‘Her mama’s girl, the very best kind’
Family and friends remembered Meadow Jade Pollack as a princess whose smile lit up the room. They were angry with the cruelty of her death.
They gathered at Temple K’ol Tikvah in Parkland on Friday afternoon for her funeral. A committal service followed at Star of David Memorial Gardens Cemetery and Funeral Chapel in North Lauderdale.
“You killed my kid. ‘My kid is dead’ goes through my head all day and all night. I keep hearing it over and over,” her father, Andrew Pollack, told the congregation.
His daughter, 18, was one of 17 people killed Wednesday when a gunman opened fire on campus at Marjory Stoneman Douglas High School in Parkland.
Hundreds of friends, family and classmates filled the temple to remember Pollack, support one another and deal with their own grief.
Rabbi Brad Boxman invited those gathered “to wail with each other,” but to remember love — “our true nature, which has been so sorely wounded.”
Andrew Pollack was wracked with the helplessness of a father realizing that sending a child to school could mean leaving them in an unsafe place.
“This is just unimaginable to think I will never see my princess again,” he said. “This piece of s--killed my kid, and I couldn’t do anything about it. That’s never happened to me in my life. I’m always able to protect my family in any situation.”
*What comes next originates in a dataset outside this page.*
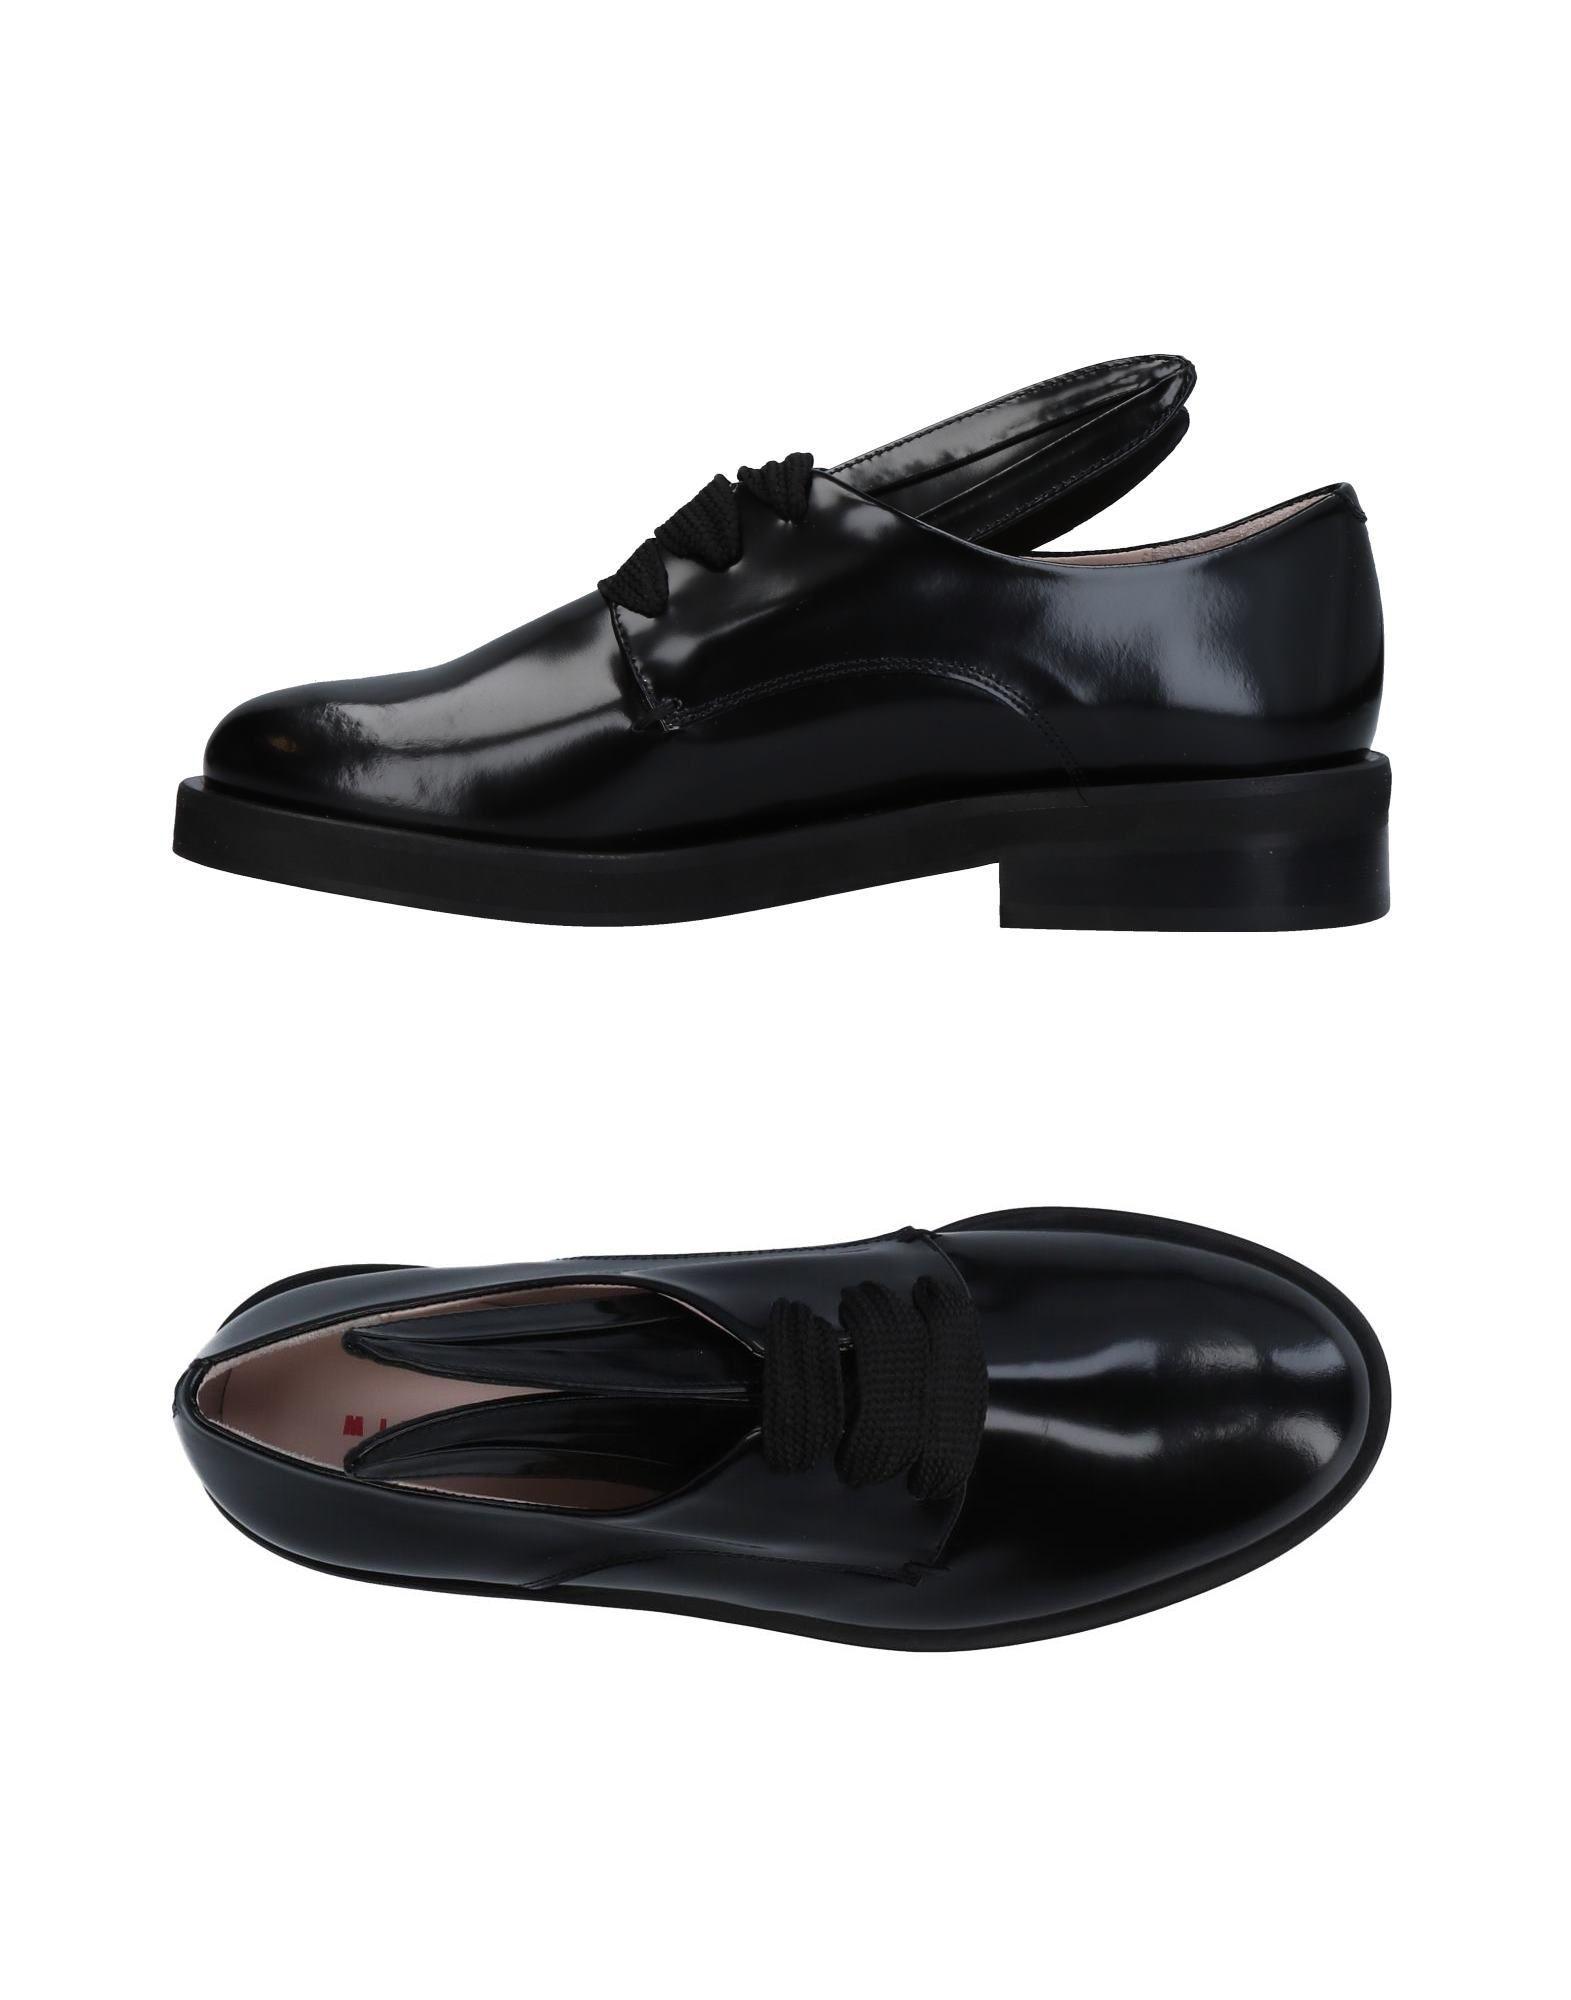 MINNA PARIKKA Обувь на шнурках kazuo ishiguro ära lase mul minna

It was a sentiment shared by Pollack’s big brother, Hunter, who said he mourned the 16 other victims and claimed a special kinship with his sister.
“I always looked out for her,” he said. “I wanted to be the oversupportive brother my whole life and I feel like I failed. So all I can do is hope that [her killer] gets what he deserves.”
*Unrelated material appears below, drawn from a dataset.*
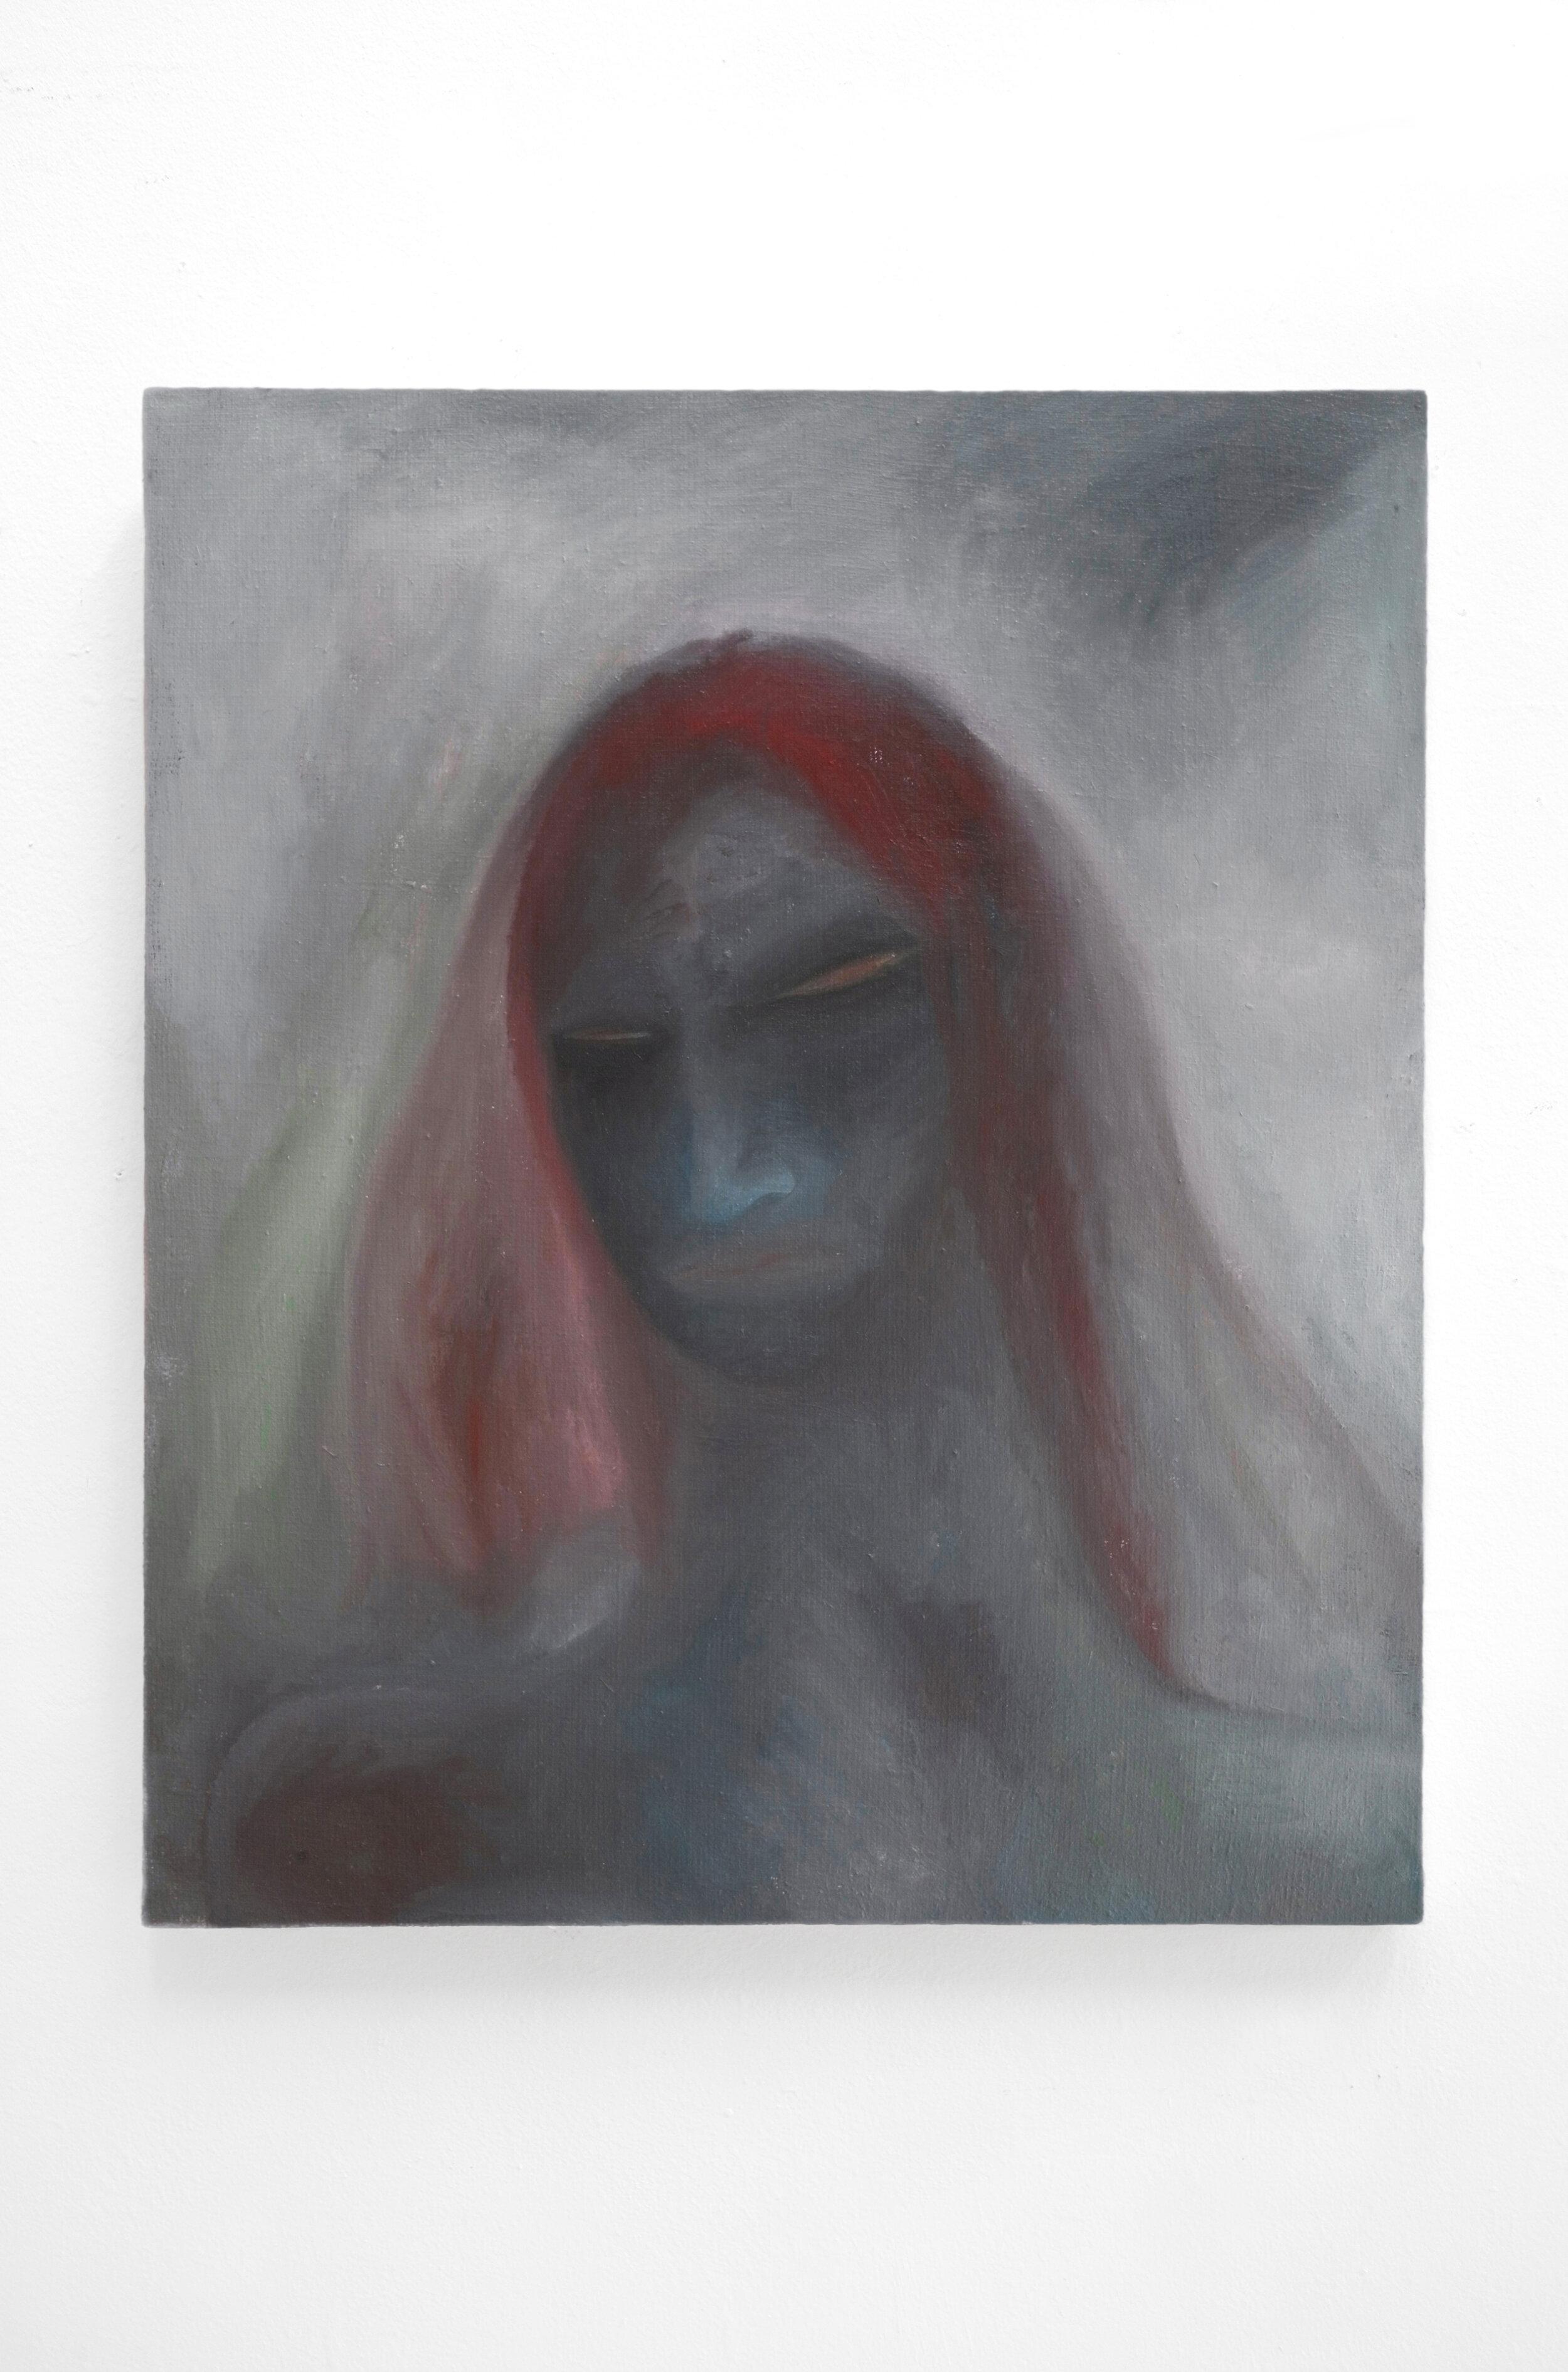 Sonya Derviz, Untitled, 2019

Several spoke of Pollack’s love of animals and concern for others. An aunt called Pollack “her mama’s girl, the very best kind.”
Her boyfriend, Brandon Schoengrund, said she was “a partner, a teammate.”
“I knew God blessed me with an angel I would love for the rest of my life,” Schoengrund said.
Boxman saw her as a star with “a smile like sunshine.”
“I believe that God is crying with us, that God is wailing with us,” Boxman said. “Do something to honor her.”
Those at the service included Gov. Rick Scott, U.S. Reps. Ted Deutch and Debbie Wasserman Schultz, School Board members Robin Bartleman and Abby Freedman, and County Commissioner Michael Udine, who called Pollack’s father a friend who had coached his children in lacrosse.
At the memorial gardens, Andrew Pollack held an umbrella to shield himself from the midday sun as his daughter’s pine casket was lowered into the ground.
Rabbi Avraham Friedman told those gathered to not let the evil that took Pollack’s life “define us,” but to live by her “goodness” and “positivity.”